### Recorded information
=====

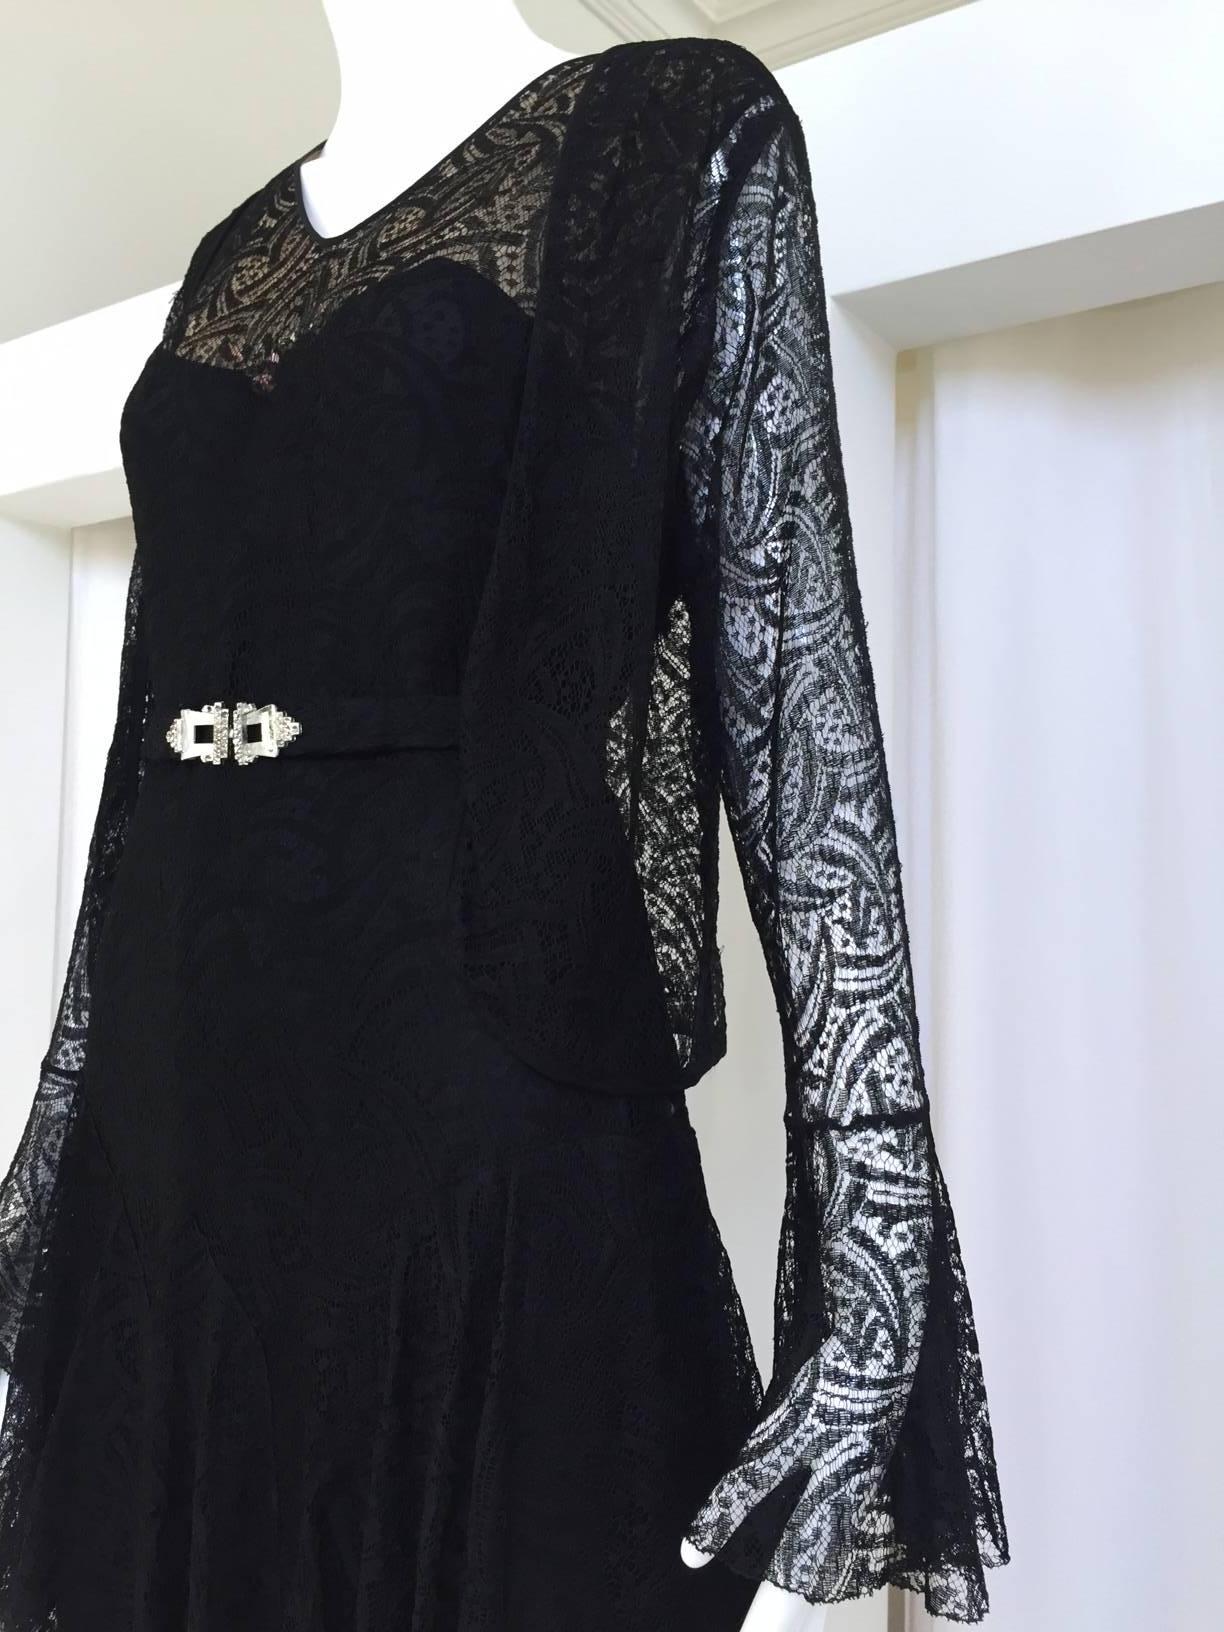 1930s Black lace dress with cardigan jacket and belt ensemble 1
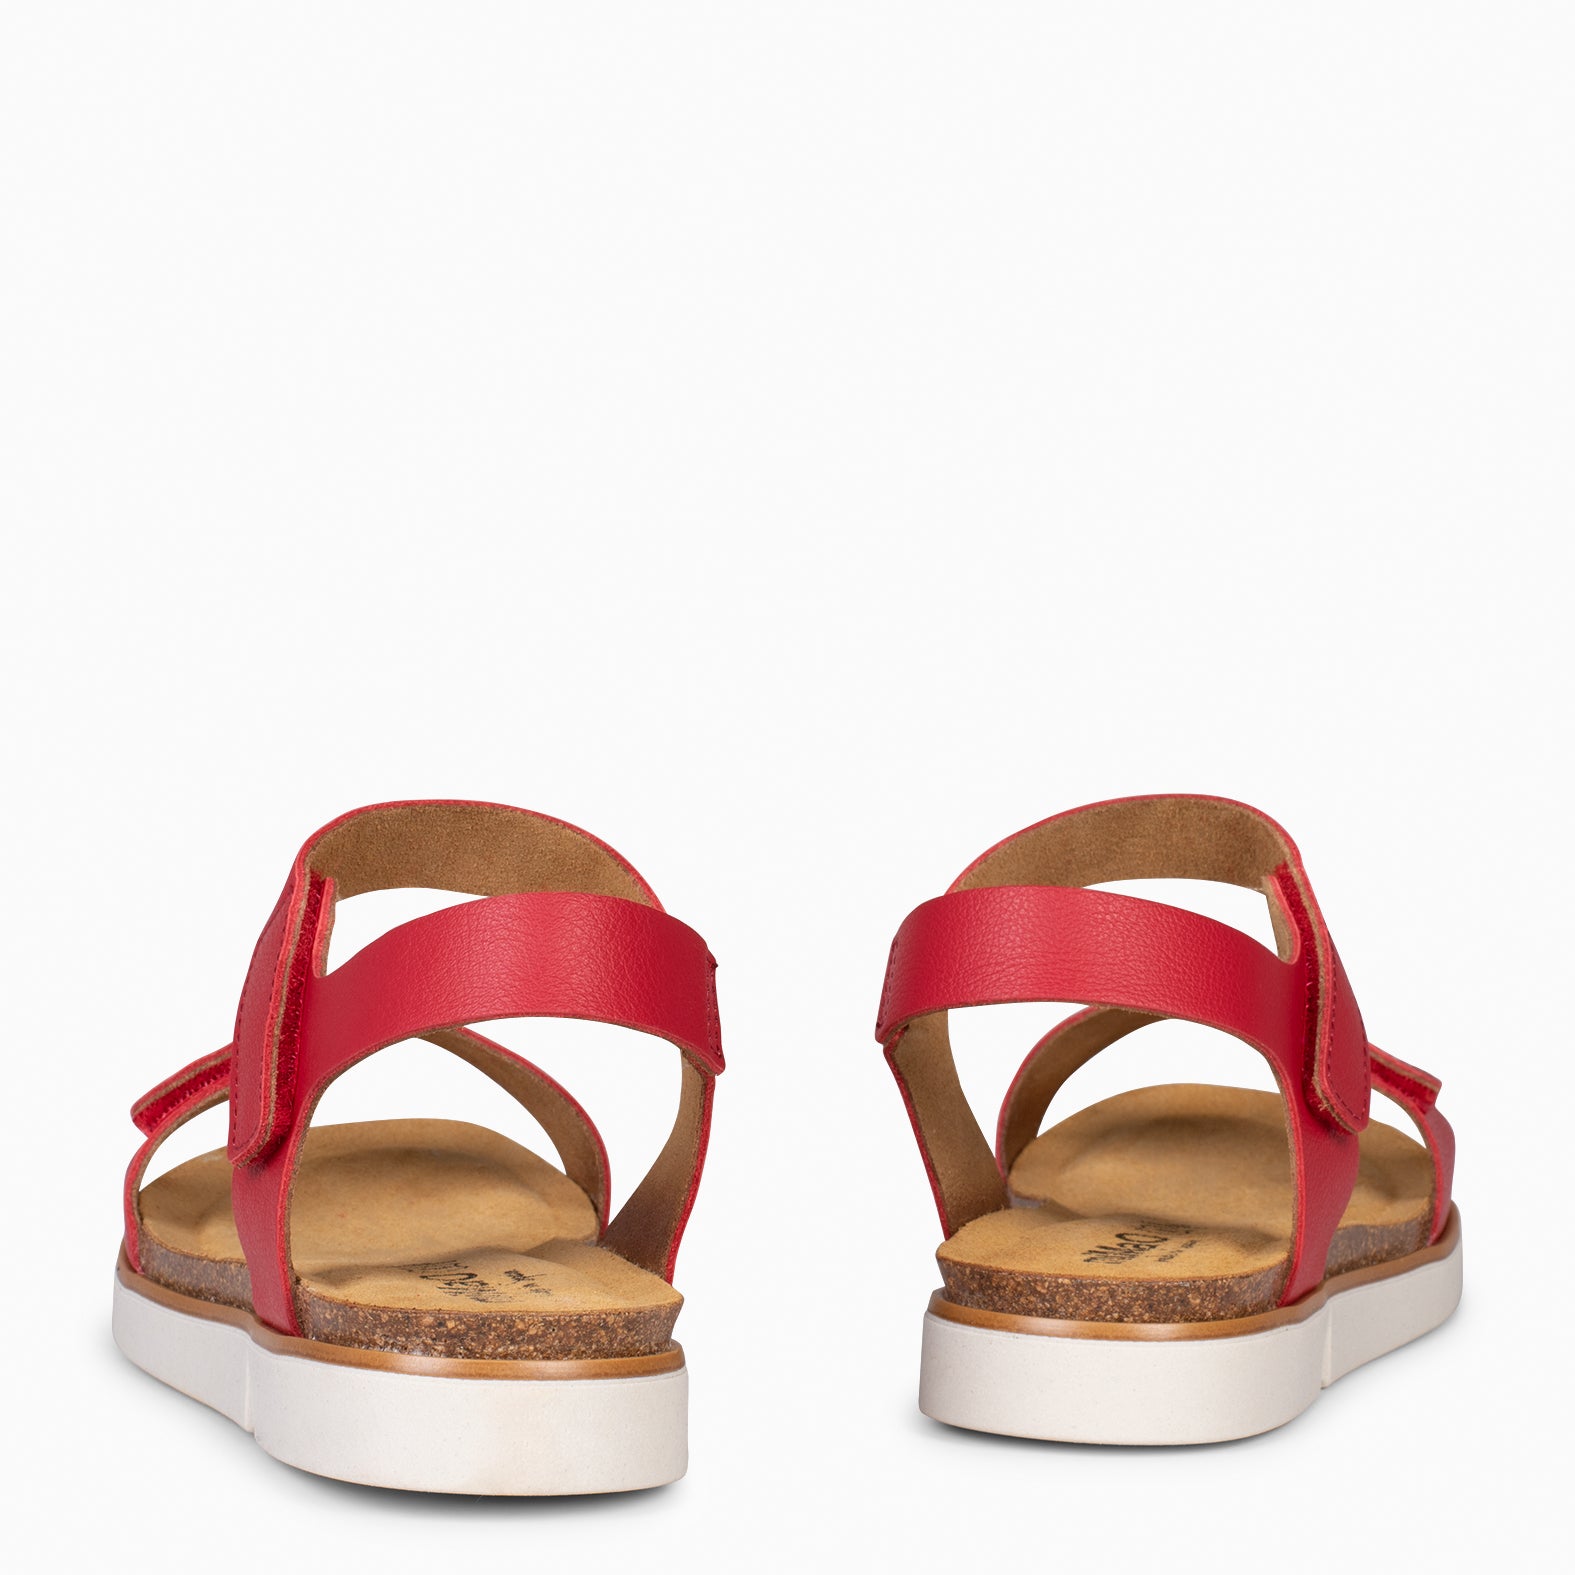 ARALIA – RED comfortable flat sandal
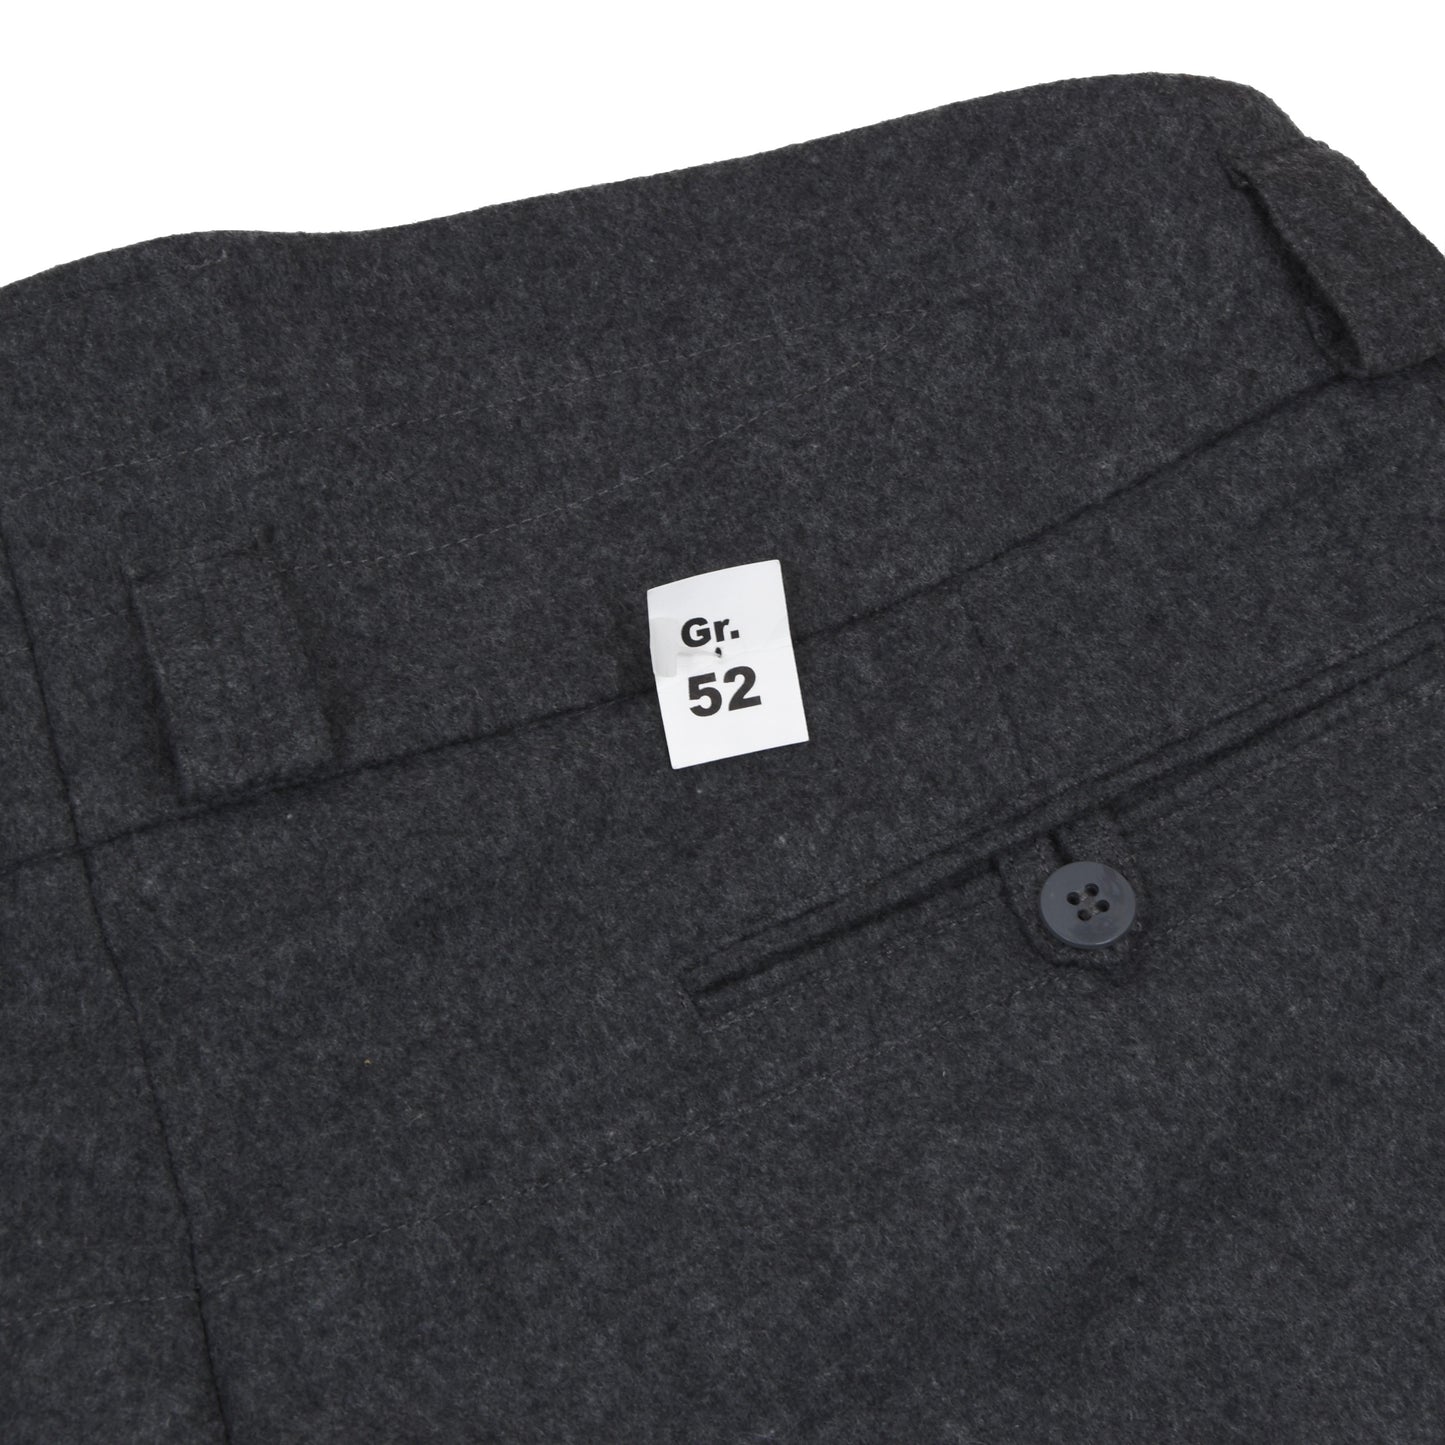 NWOT Orig. Dachstein Wool Knickerbockers/Breeks Size 52 - Grey

=====

### Description of the task
Once the images are removed, print the remaining data exactly as it appears above.

### Response area
 1930s Black lace dress with cardigan jacket and belt ensemble 1
 ARALIA – RED comfortable flat sandal
 NWOT Orig. Dachstein Wool Knickerbockers/Breeks Size 52 - Grey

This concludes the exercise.